TASK INSTRUCTIONS - From the line containing "Modern Italian Four" down to the final entry below, restate each line word for word.

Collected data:
╭──

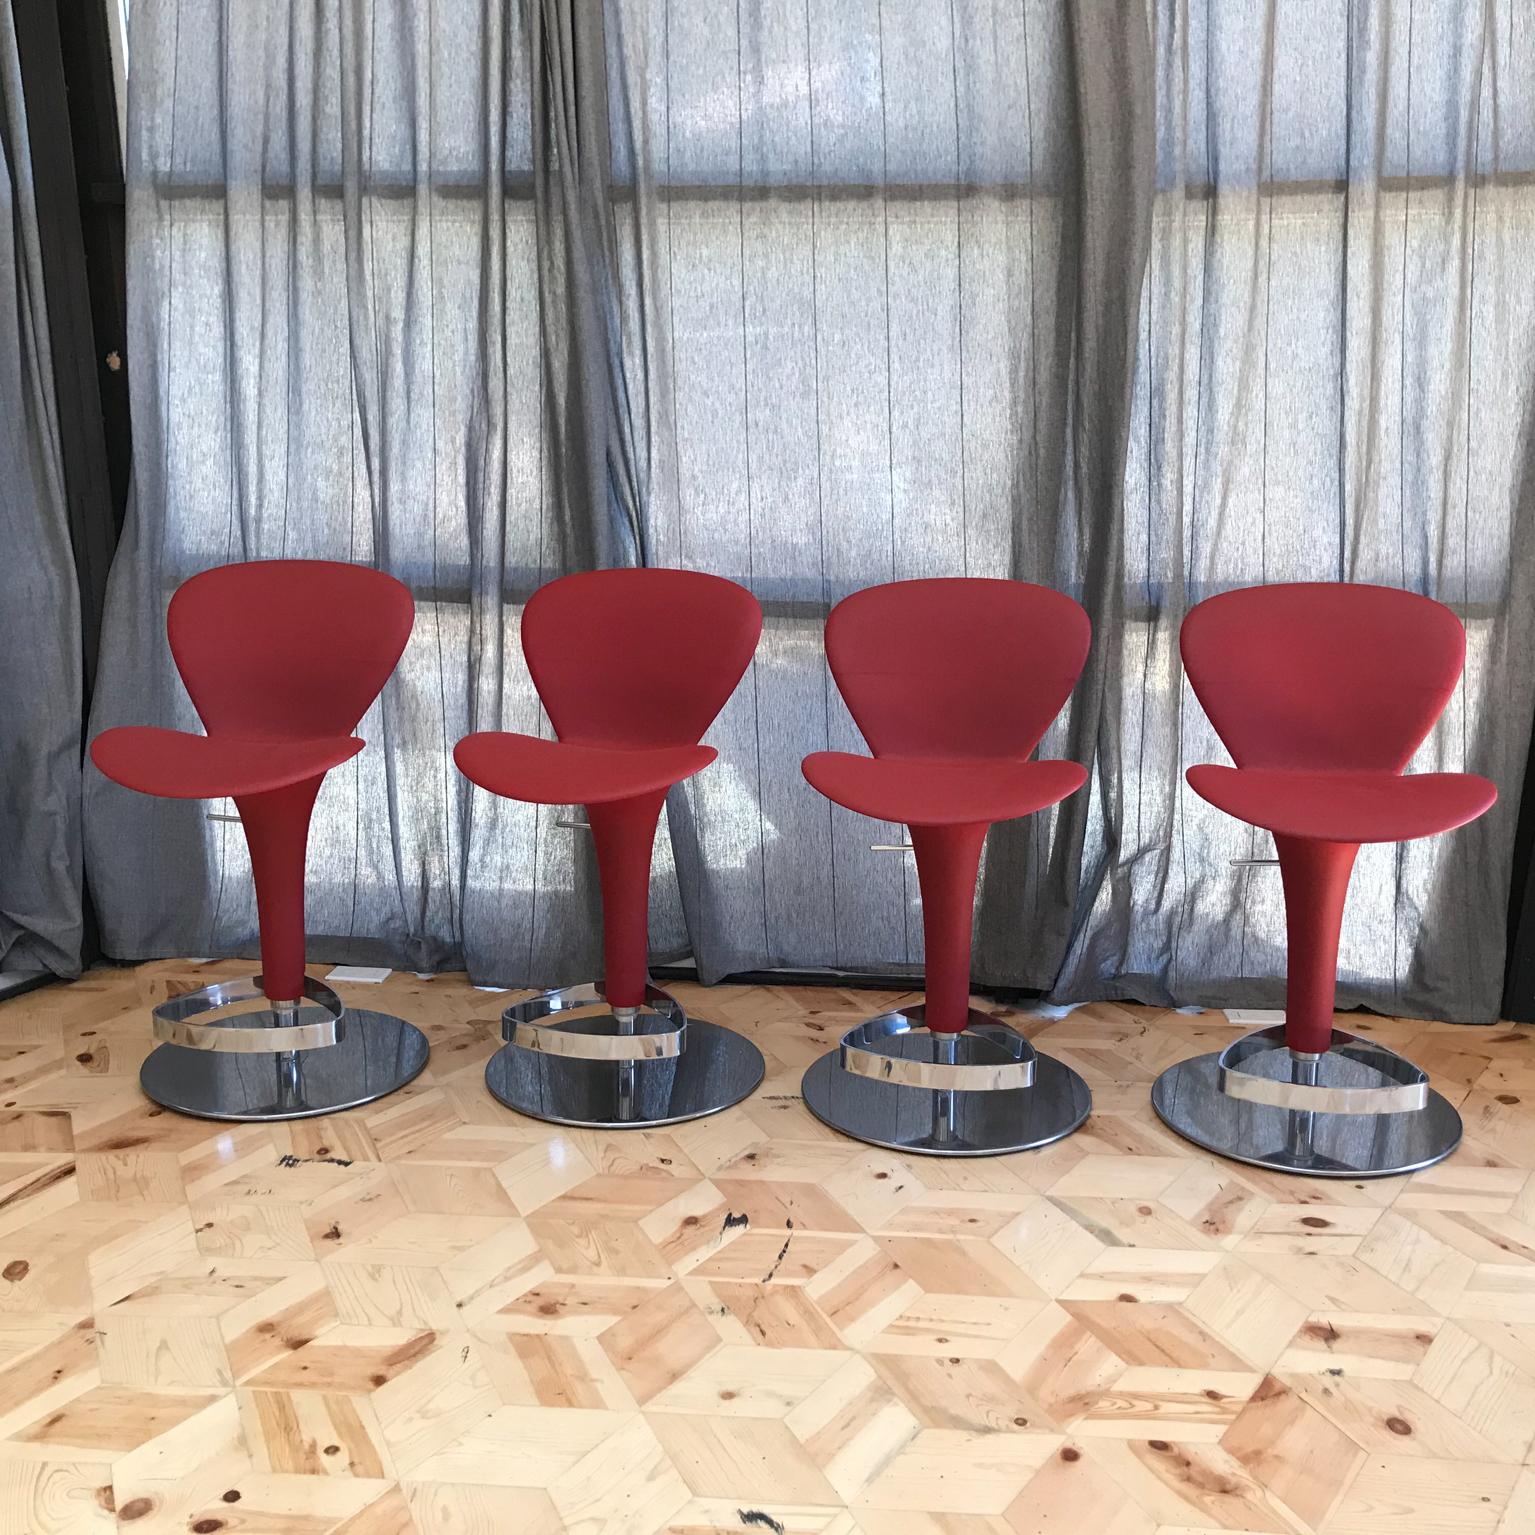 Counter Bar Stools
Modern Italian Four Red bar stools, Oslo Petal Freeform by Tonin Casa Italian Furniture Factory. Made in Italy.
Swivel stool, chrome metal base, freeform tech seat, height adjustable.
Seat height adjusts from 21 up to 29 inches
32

╰──

OUTPUT OF THE EXERCISE -
Modern Italian Four Red bar stools, Oslo Petal Freeform by Tonin Casa Italian Furniture Factory. Made in Italy.
Swivel stool, chrome metal base, freeform tech seat, height adjustable.
Seat height adjusts from 21 up to 29 inches
32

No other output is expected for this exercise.